What is no-fault divorce in Australia?
Australia has had a no fault divorce system since 1975. At its simplest, it means that it’s not necessary for either spouse to be at fault for a divorce to be granted. For example, one spouse doesn’t need to prove the other spouse’s wrongdoing for a divorce application to be approved.
Divorcing parties only need to show an irretrievable breakdown in the marriage. The parties must prove this to a court in various of ways, including legal separation. For more information, see our Divorce Requirements page.
What were the grounds for fault in divorce?
Before 1975, if a spouse sought a divorce, they would have to prove fault, or serious misconduct, in any one category, including:
– Alcohol abuse
– Unreasonable behaviour
Proving fault usually meant a long and expensive trial, which was prohibitive for many people.
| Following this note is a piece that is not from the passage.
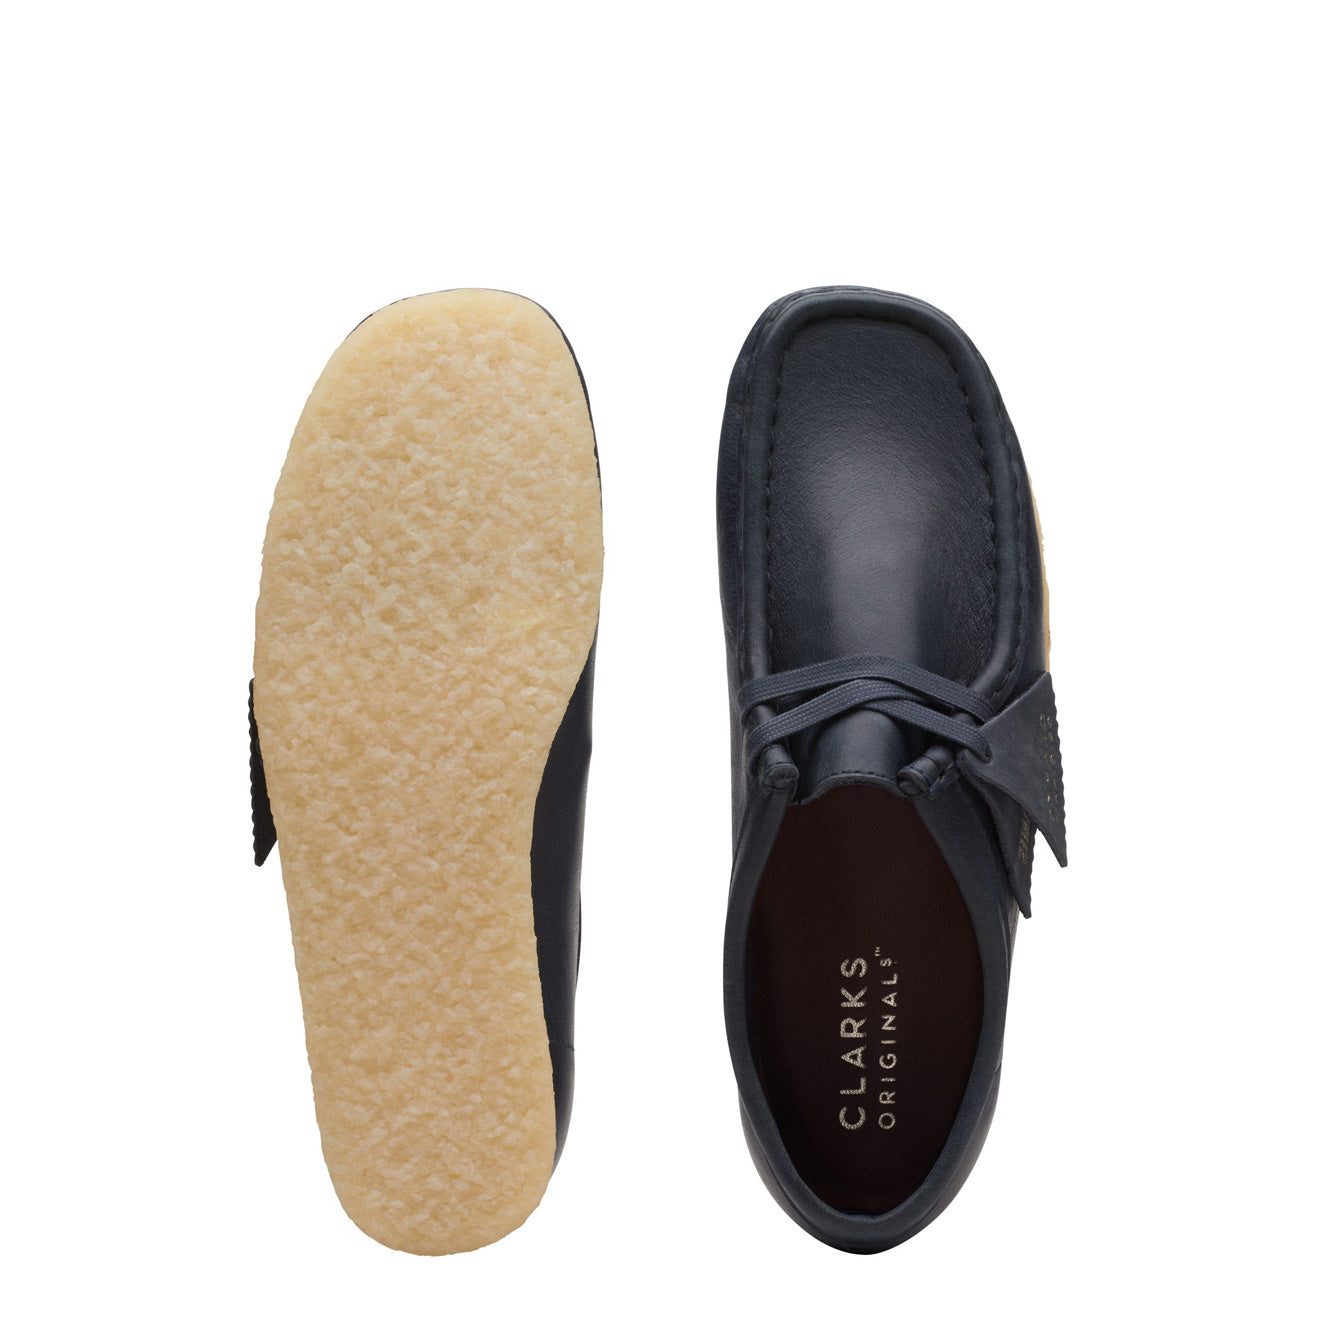 Clarks Originals Womens Wallabee Navy Leather | The Sporting Lodge

Others didn’t wish to publicise their issues.
Does fault affect other family law issues?
Before 1975, in the rare event of a divorce hearing, a finding of fault could affect compensation, property settlement and orders for children.
But now, with no-fault divorce, a court won’t consider fault when deciding other family law issues.
However, a court may take into account any family violence when making orders about property settlements and parenting orders, to ensure safety of the other spouse and of any children.
For parenting orders, even though a court won’t consider fault, it will consider whether the spouses are fit and proper people to care for and meet their children’s needs. This is known as doing what is in the children’s best interests.
Another example is the court considering one spouse’s history of drug abuse when making parenting orders. But it won’t take this into account this when deciding whether to grant a divorce application.